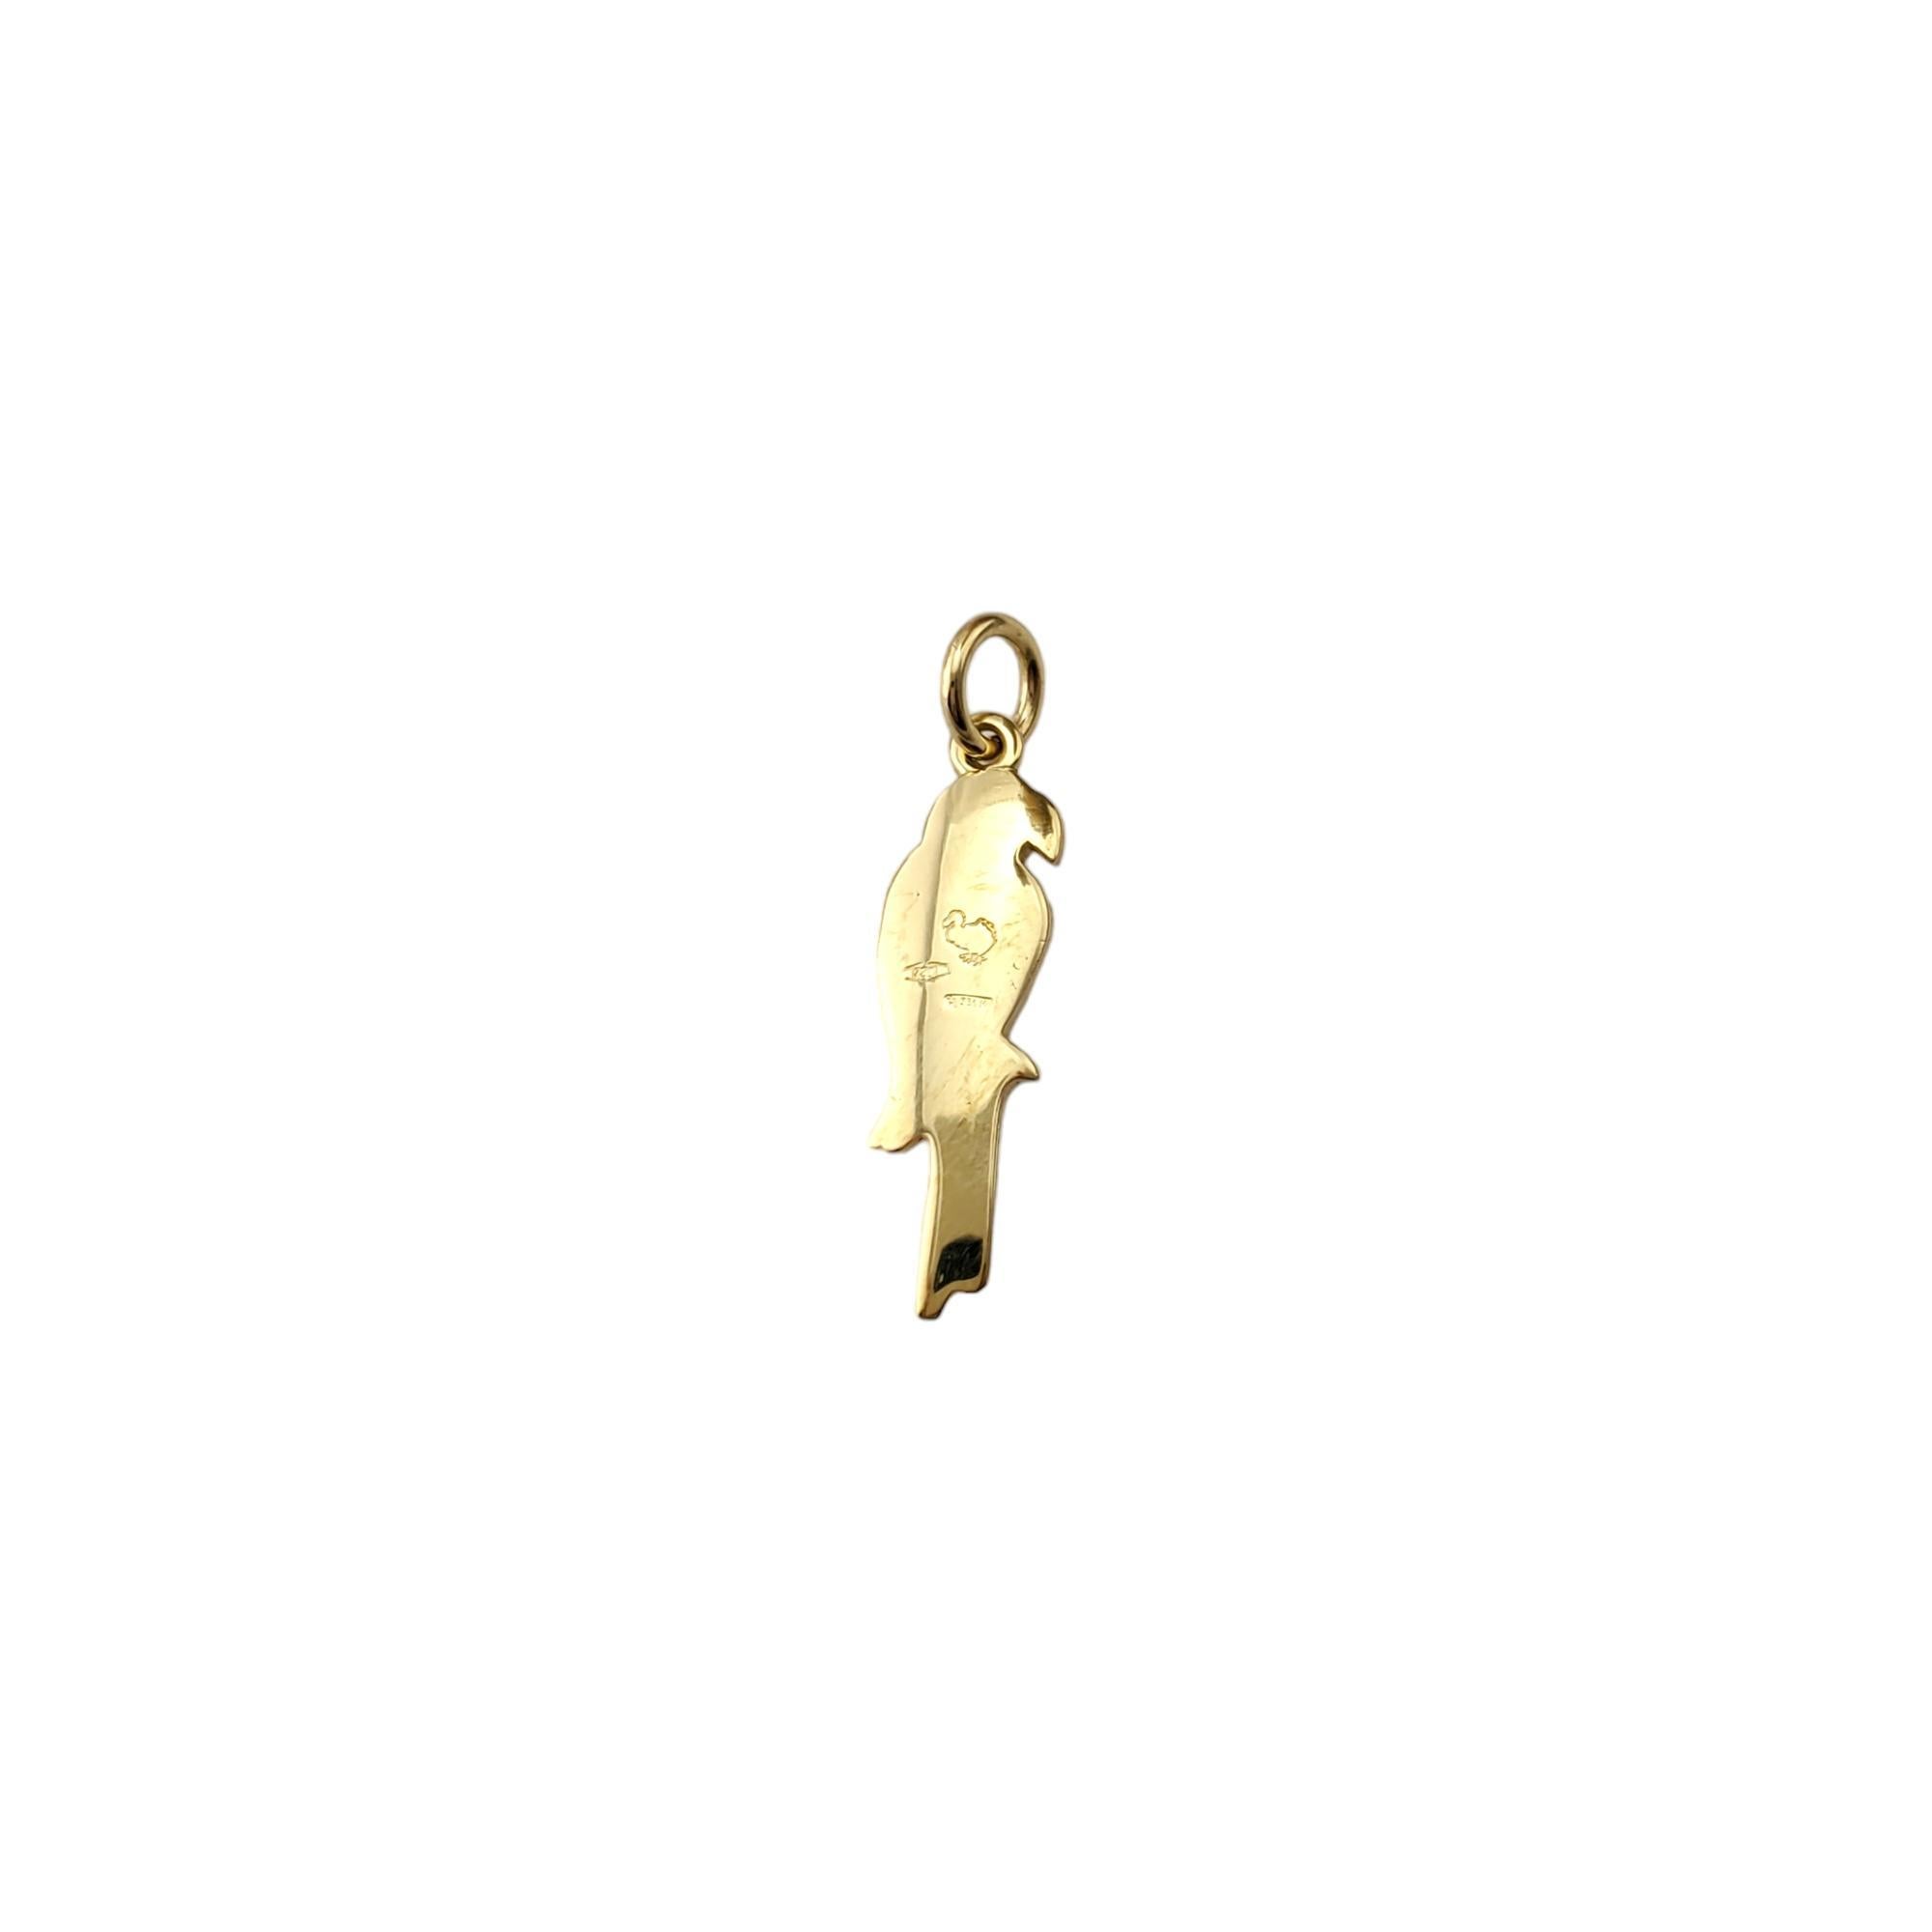 Dodo Pomellato 18K Yellow Gold Parrot Charm 

Elegant charm depicting a parrot in 18K yellow gold.

Hallmark: 750 351 AU

Weight: 2.1 g/1.4 dwt.

Size: 22.6 mm X 6.4 mm X 2.1 mm

Very good condition, professionally polished.

Will come packaged in a
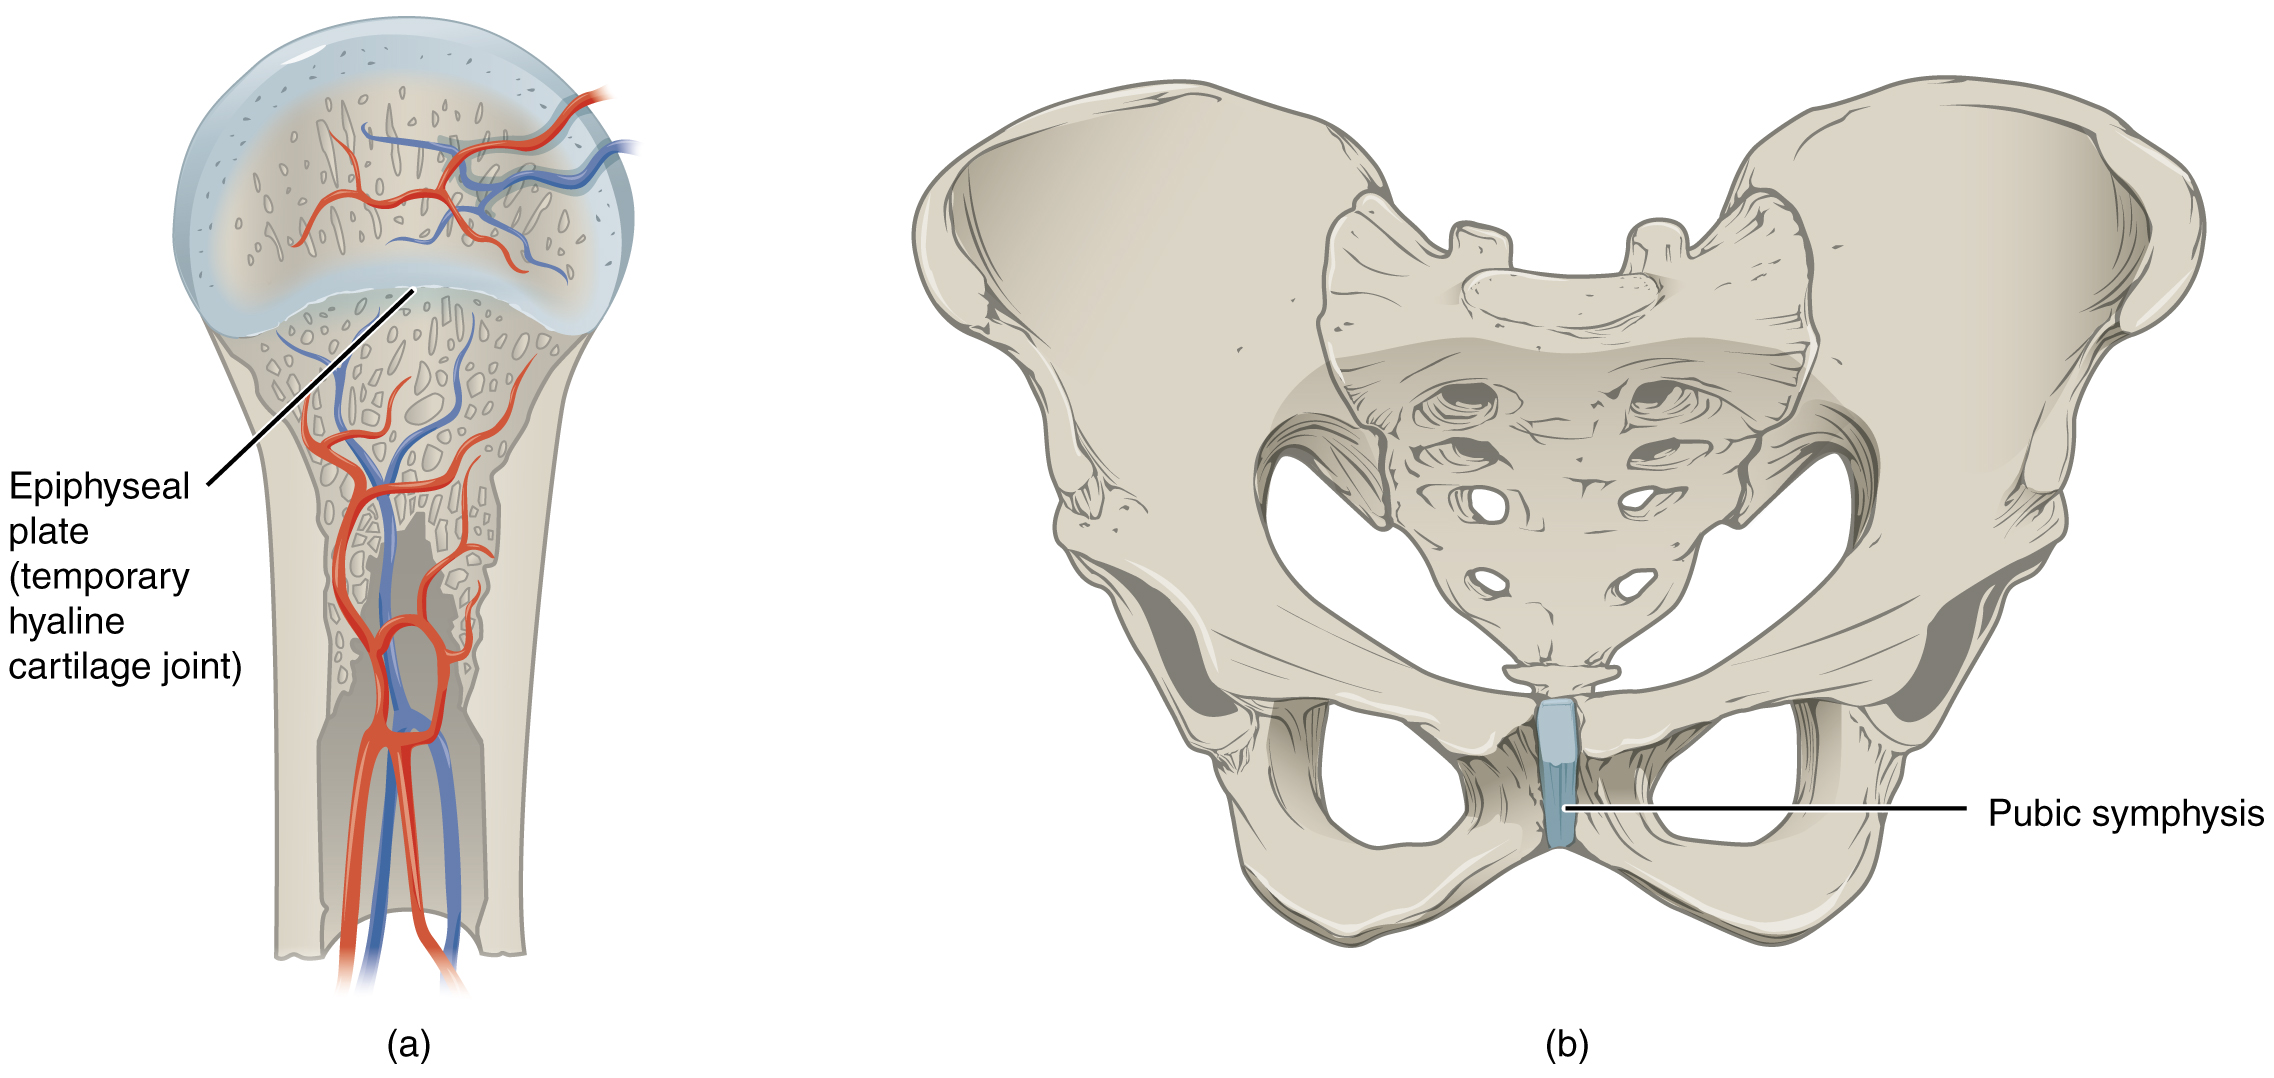 This figure shows the cartilaginous joints. The left panel shows a hyaline cartilage joint, and the right panel shows the fibrocartilaginous joint of the pubic symphisis.

• Work instructions: All lines from the start of the entries above through the line containing "Will come packaged in a" must be transcribed exactly, both ends included, and no picture may be copied.

• Solution to this task:
 Dodo Pomellato 18K Yellow Gold Parrot Charm 

Elegant charm depicting a parrot in 18K yellow gold.

Hallmark: 750 351 AU

Weight: 2.1 g/1.4 dwt.

Size: 22.6 mm X 6.4 mm X 2.1 mm

Very good condition, professionally polished.

Will come packaged in a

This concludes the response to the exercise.